En définitive, les actions et les réflexions du mouvement
menées par les chômeurs et précaires forment un enjeu
vital pour l'avenir de toutes et de tous. Car la suprématie des firmes
transnationales s'accélère, en particulier par le biais du
projet de l'A.M.I. (Accord Multilatéral sur l'Investissement), qui
envisage la supériorité totale des investisseurs sur les droits
des populations et de leurs organisations.

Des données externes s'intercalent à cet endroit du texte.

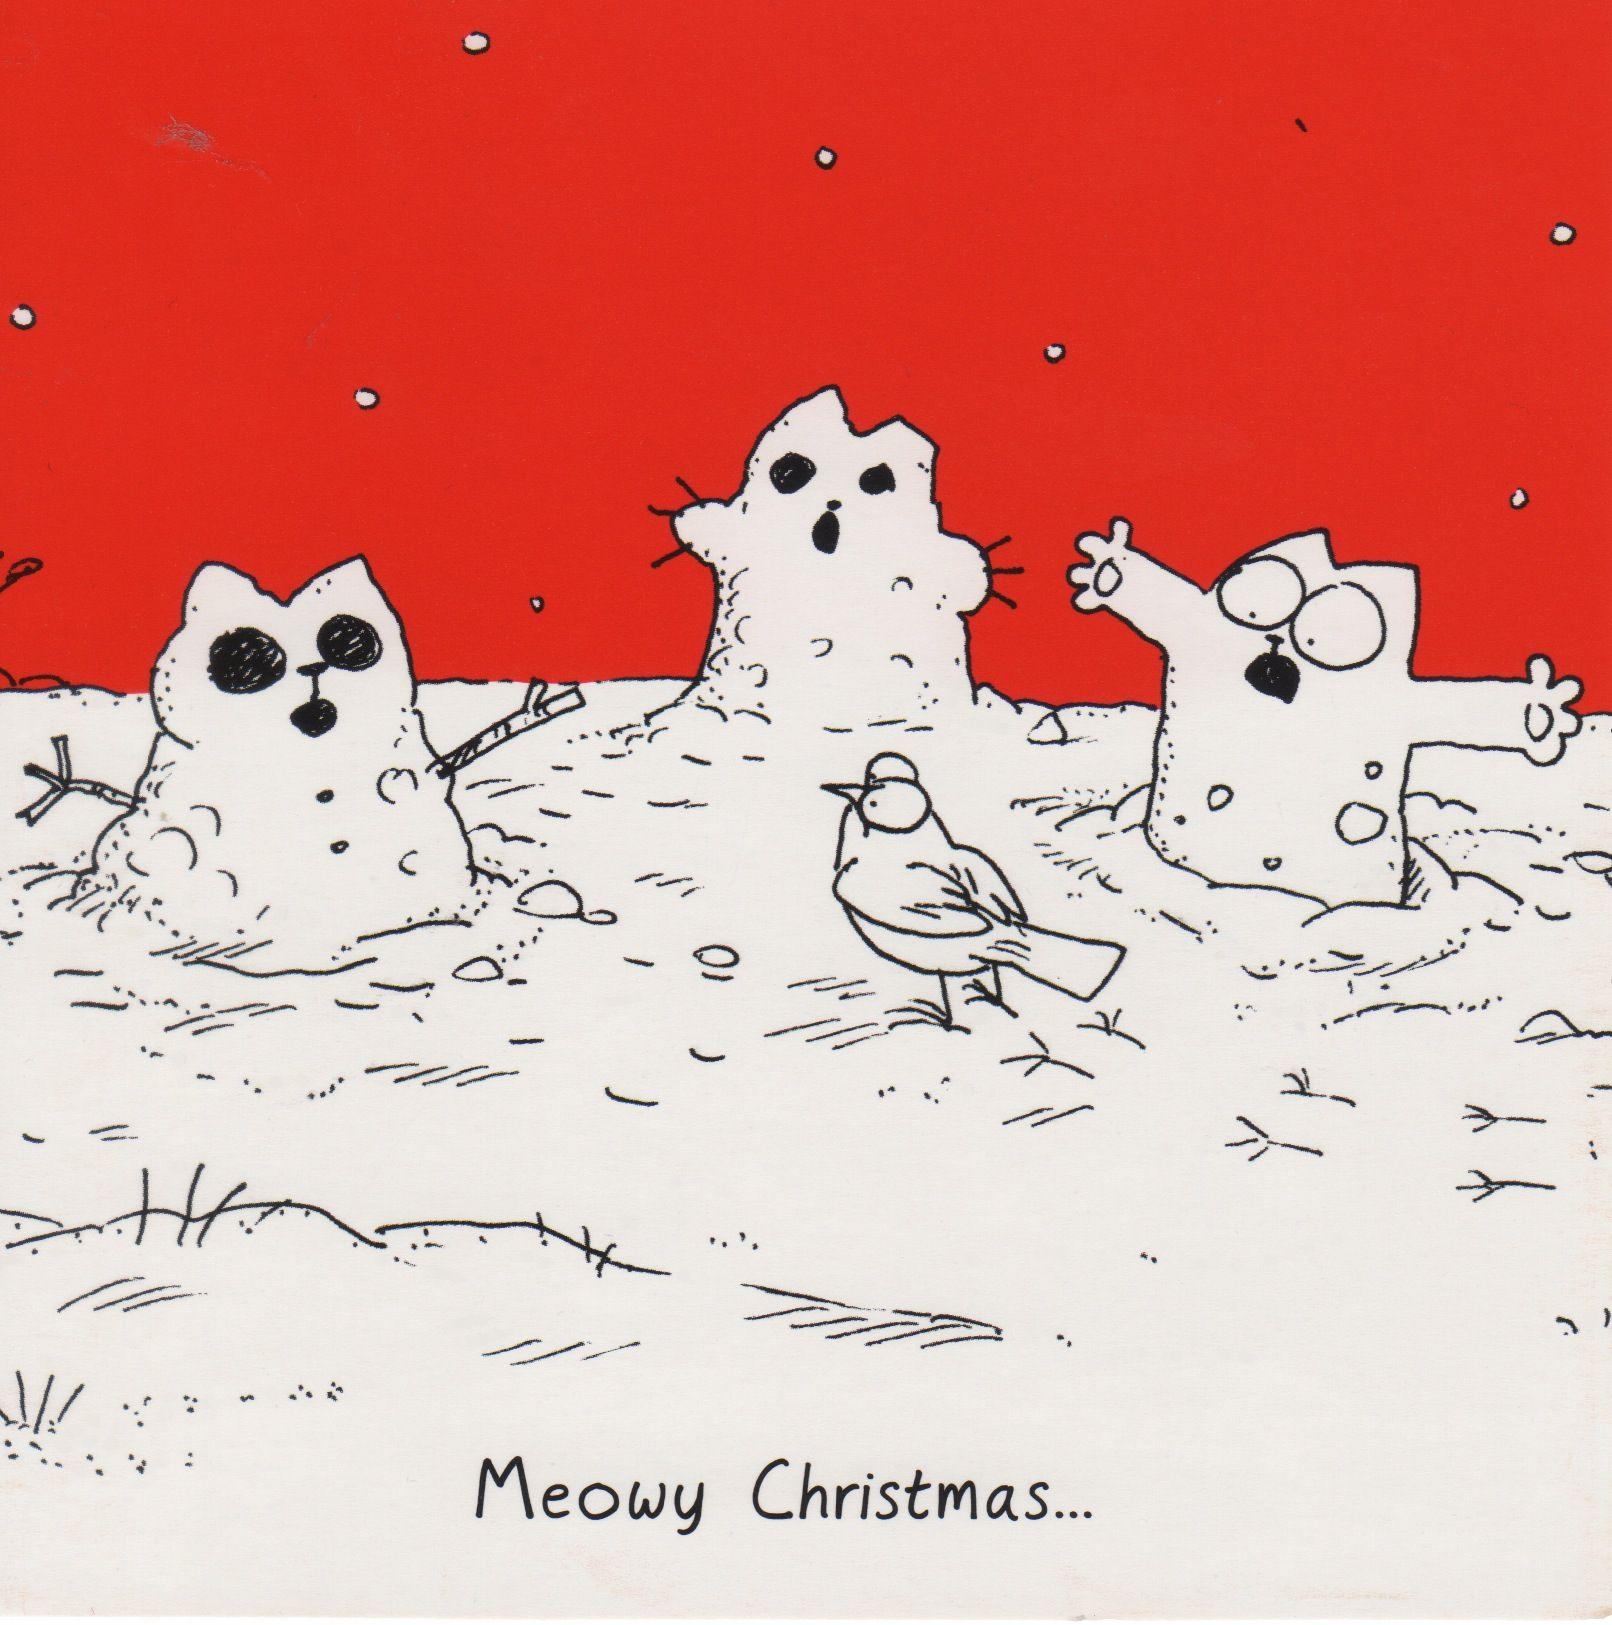 Christmas card - Simon's cat snowman

De même, les "projets
sociaux" du gouvernement Jospin (lois sur les 35h, contre l'exclusion)
visent en fait à promouvoir l'annualisation du temps de travail et
le contrôle social...
Les grèves développées début février
dernier en Allemagne, en Belgique et en Italie nous font espérer
une internationalisation des luttes anti-capitalistes, unique moyen à
la hauteur de nos exigences.
Téka
Sources:
- "Mouvement de chômeurs et de précaires en France: la
revendication d'un revenu garanti" Rapport de recherche de l'Institut
Régional du Travail Social de Haute-Normandie - Canteleu - 1990
- Futuribles n· 184 février 1994
- Communiqués de diverses AG de chômeurs et précaires
en lutte - décembre 1997 à février 1998
- No Pasaran de janvier et février 1998
- Le Monde Diplomatique de février 1998
- Alternatives Economiques de février 1998
(annexe 1)
L'AMPLEUR DE L'EXPLOITATION
- Prés de 3 millions de travailleurs sous contrat ordinaire ont des
salaires inférieurs à 5000F/mois en France.
- 3,2 millions de chômeurs répertoriés par l'ANPE fin
1997 (prés de la moitié d'entre-eux ne perçoivent aucunes
indemnités et 65% sont sans emploi depuis plus de 3 ans).
- 5 millions de personnes survivent avec moins de 3000F/mois.
- 6 millions de personnes perçoivent des minima sociaux.
- 7 millions sont au chômage ou en situation de précarité
(soit 12 millions d'individus en incluant leur famille proche).
(annexe 2)
"QUI NE TRAVAILLE PAS, NE MANGE PAS..."
- Novembre 1982: l'indemnisation chômage est désormais liée
strictement à la durée antérieure de travail (gouvernement
Mauroy).
- Septembre 1987: le pouvoir de radiation des chômeurs est donné
à l'ANPE (gouvernement Chirac).
- Juillet 1993: dégréssivité des indemnités
chômage, soit -17% chaque 4 mois, actuellement chaque 6 mois (gouvernement
Balladur).
- Juin 1995: annulation des indemnités chômage du mois au-delà
de 78h de travail (gouvernement Juppé).
- Octobre 1997: dévalorisation des indemnités AFR (Allocations
Formation Reclassement) et suppression du fonds social des ASSEDIC, transféré
partiellement à la CAF (gouvernement Jospin).
(annexe 3)
L'ASSISTANAT DU PATRONAT
- Plus de 160 milliards de francs de bénéfices à l'exportation
pour les entreprises françaises en 1997.
- Plus de 29,5% de dividendes à la Bourse de Paris (sur plus de mille
milliards de francs de placements).
- Seuls 15% des revenus financiers sont taxés (alors que l'ensemble
des salaires et allocations sont assujettis à l'impôt).
- Les économies de charges sociales accordées aux entreprises
s'élevaient à 50 milliards de francs en 1996.
- La fraude fiscale (accessible aux plus fortunés) est évaluée
à au moins 200 milliards de francs par an. A comparer aux 300 milliards
de recettes annuelles de l'impôt sur le revenu.